Кто-нибудь заедет за мной на машине.
........................................................................... Не забыть.
Может быть, только смерть
(1)
Она идёт из глубины застеклённого коридора оранжереи; алые россыпи соцветий, фиолетовые и жёлтые цветы сопровождают её и отступают, уступая место другим, она приближается, и я знаю, что бежать некуда. Она идёт ко мне, она приближается. Я замираю, я почти не дышу. Она проходит мимо, проходит мимо меня, и вот она уже за моей спиной. Я боюсь обернуться. Она уходит дальше по коридору. Я оборачиваюсь. Она открывает дверь,- одну из дверей, которые, как я полагал, были закрыты,- и дверь закрывается за ней.
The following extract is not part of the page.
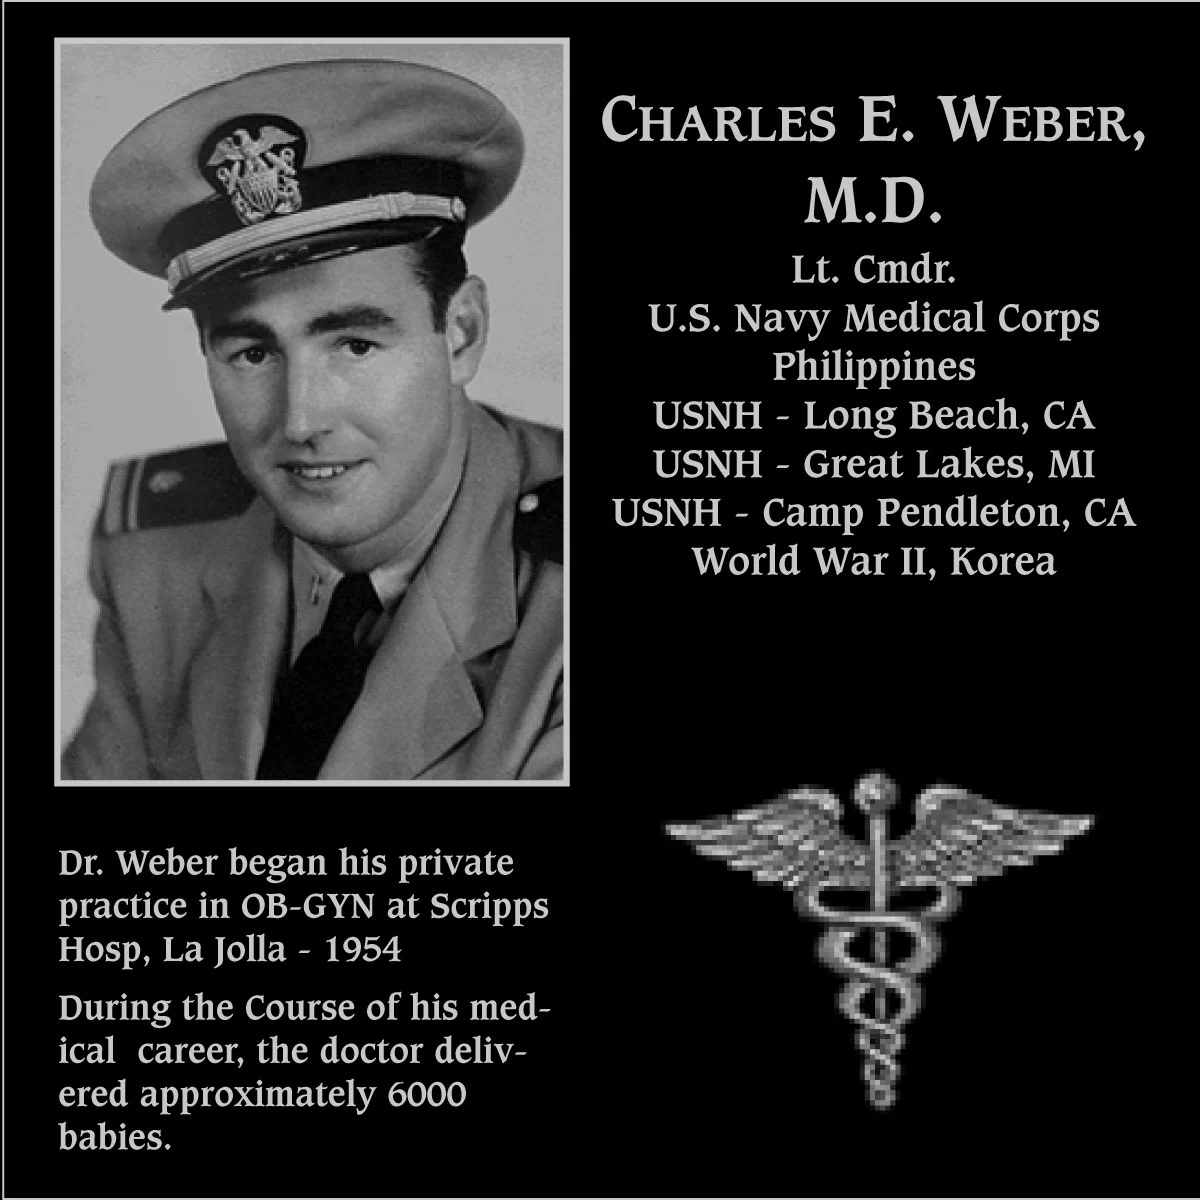 Charles E. Weber

Я бросаюсь к тому месту, где она была только что, но дверь заперта. Мне не уйти. И вдруг я понимаю, что должен был остановить её, хотя бы окликнув её по имени, одному из тех, которыми её называют, и на которые она никогда не являлась, или хотя бы вскрикнув. Она прошла мимо, она ушла, и я иду дальше по застеклённому коридору оранжереи, и все двери закрыты. А там, за стёклами стен, царствует лето, и душный запах разогретой травы, и ленивые шмели над цветами клевера, её подданные, утопленницы плетут из зелёных водорослей венки.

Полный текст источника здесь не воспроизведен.